None of the images should appear in your copy. Transcribe the data in full.

(Beginning of Supplied information)

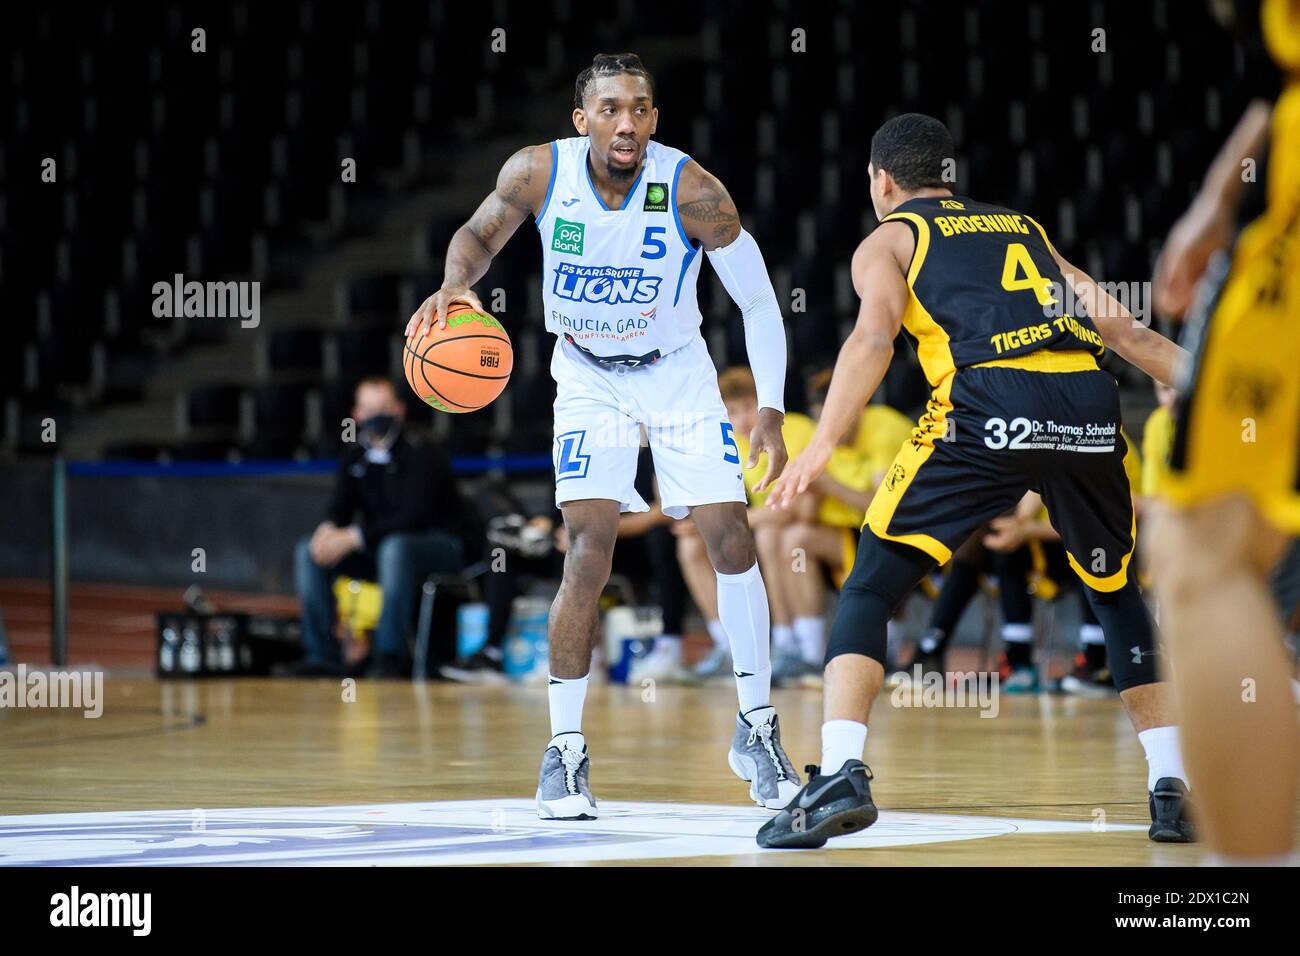 Karlsruhe, Germania. 23 dicembre 2020. Gregory Clay Foster (Lions) in duelli con Mirjan Aime Kabuya Broening (Tuebingen). GES/Basketball/Proa: PSK Lions - Tigers Tuebingen, 23.12.2020 - | Use Worldwide Credit: dpa/Alamy Live News Foto Stock
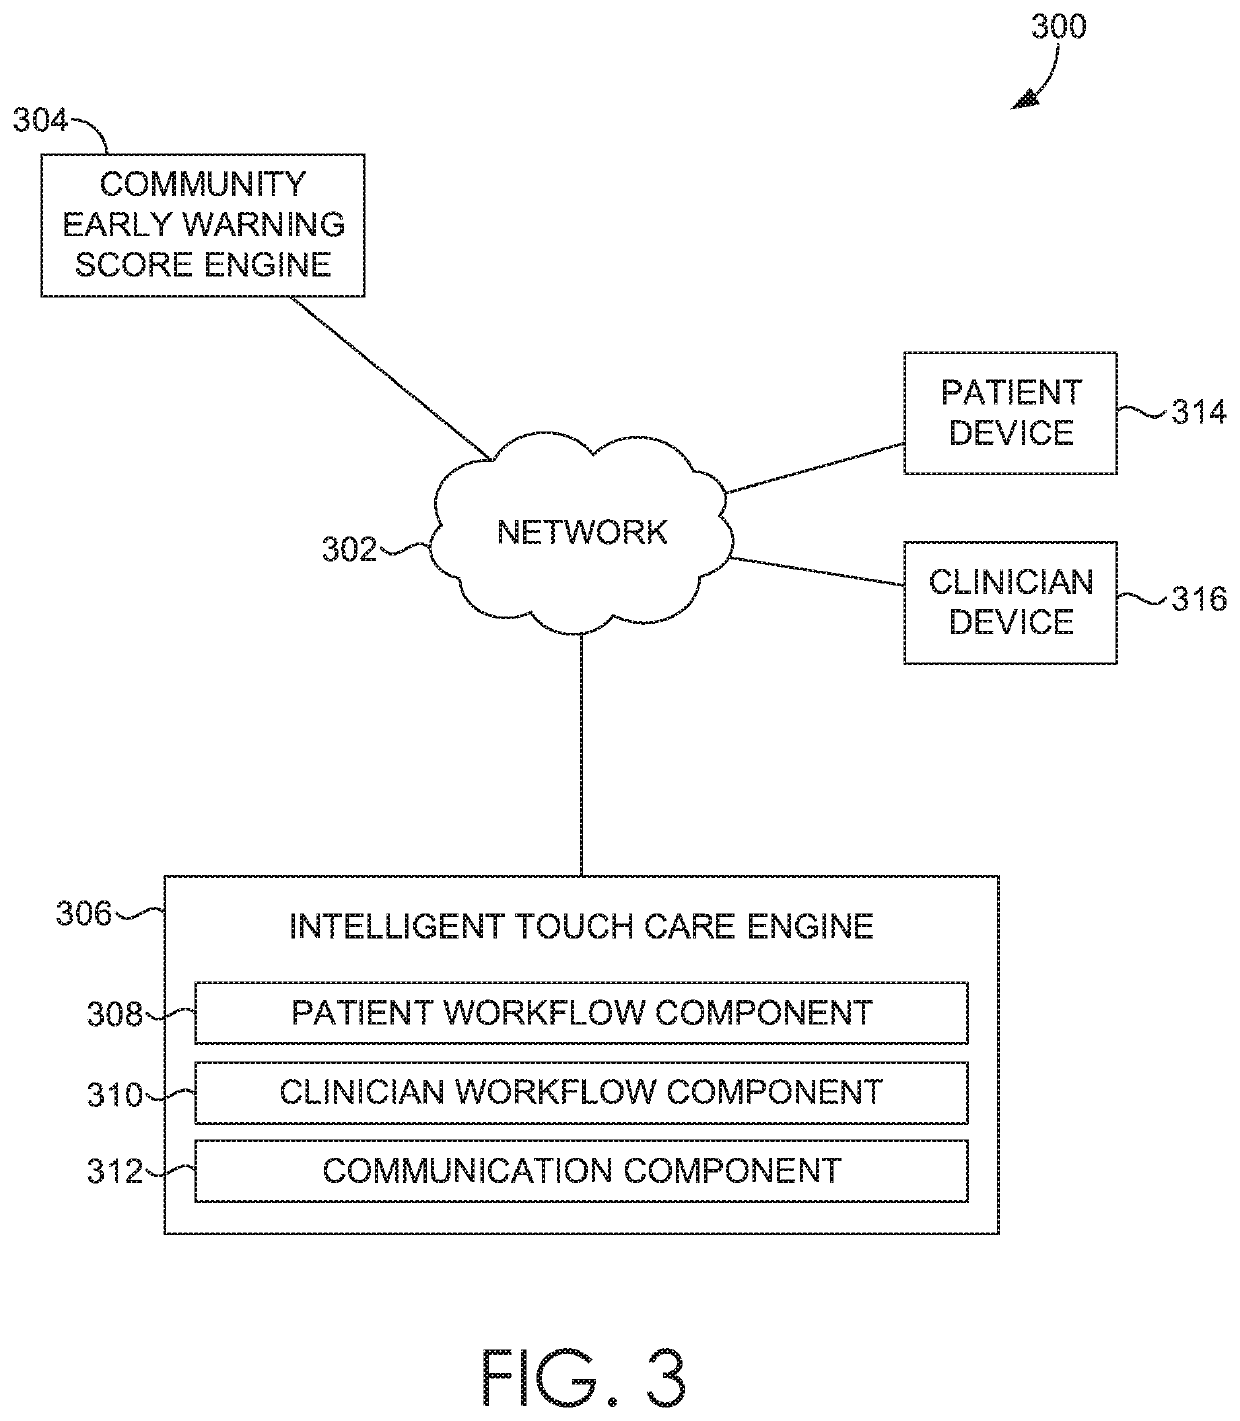 Intelligent touch care corresponding to a patient question
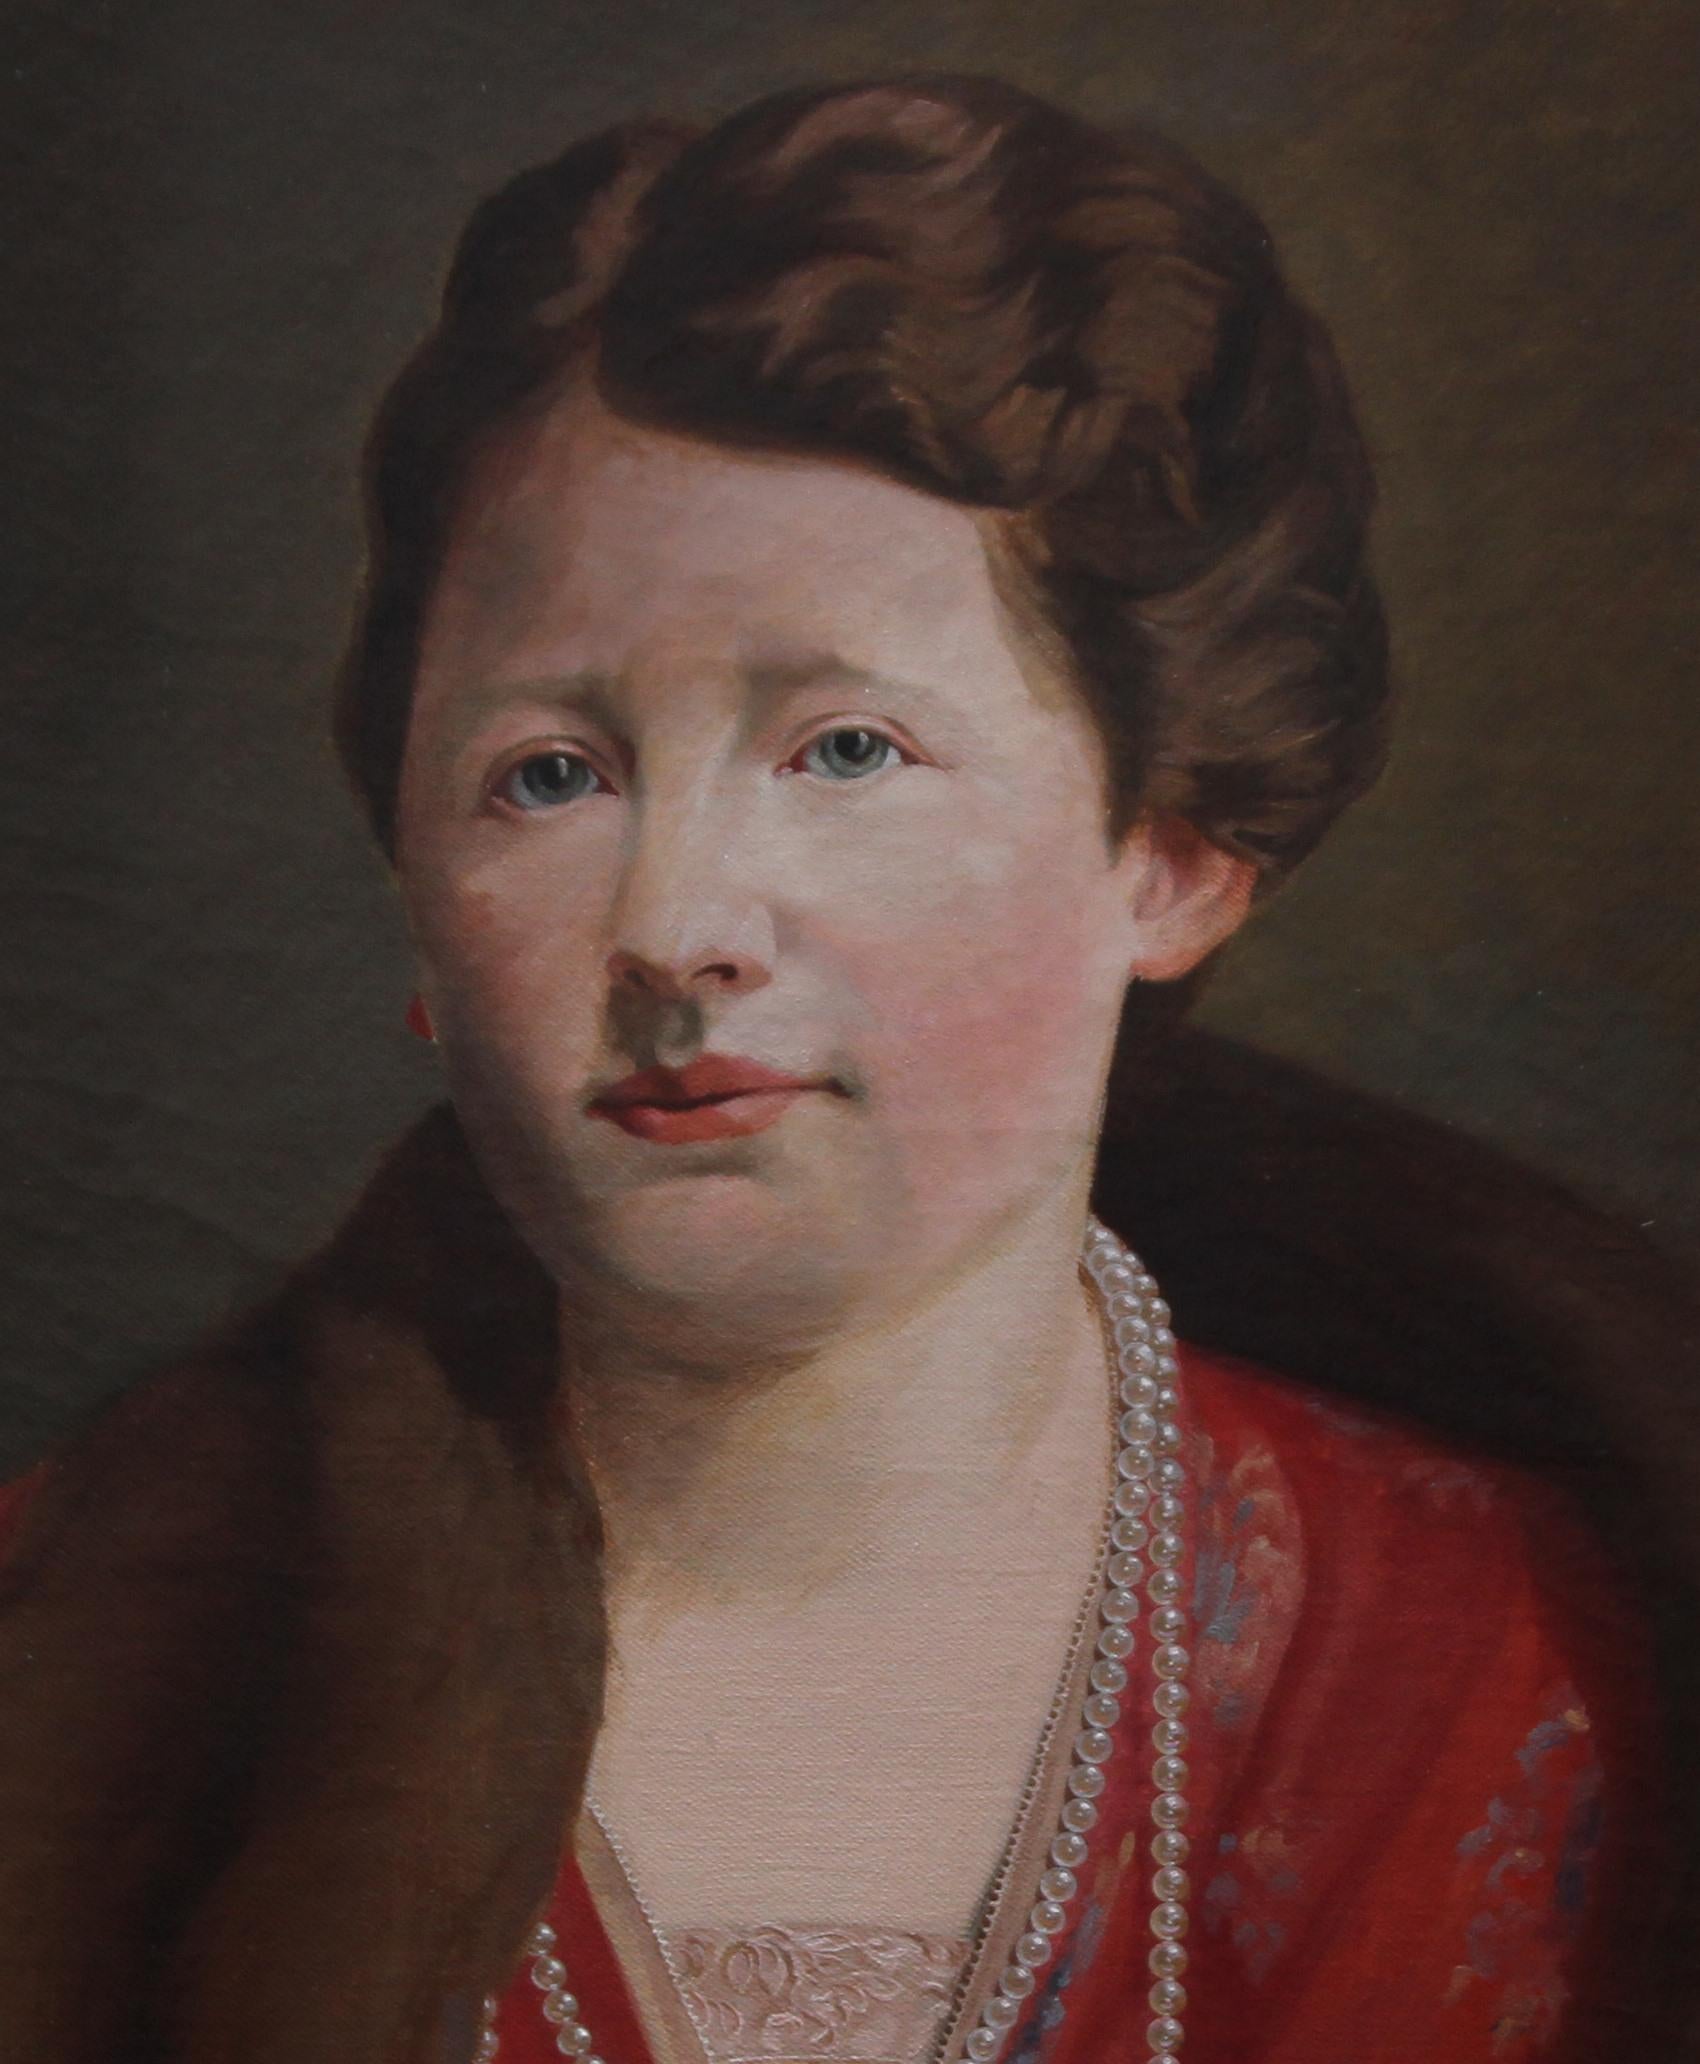 This lovely British Art Deco portrait oil painting is by noted artist James Robert Granville Exley and provenance is by family descent. The sitter is Elizabeth Exley, possibly his wife. Painted circa 1935 it is a half length portrait of Elizabeth in

(End of Supplied information)

> **Solved exercise**:
 Karlsruhe, Germania. 23 dicembre 2020. Gregory Clay Foster (Lions) in duelli con Mirjan Aime Kabuya Broening (Tuebingen). GES/Basketball/Proa: PSK Lions - Tigers Tuebingen, 23.12.2020 - | Use Worldwide Credit: dpa/Alamy Live News Foto Stock
 Intelligent touch care corresponding to a patient question
 This lovely British Art Deco portrait oil painting is by noted artist James Robert Granville Exley and provenance is by family descent. The sitter is Elizabeth Exley, possibly his wife. Painted circa 1935 it is a half length portrait of Elizabeth in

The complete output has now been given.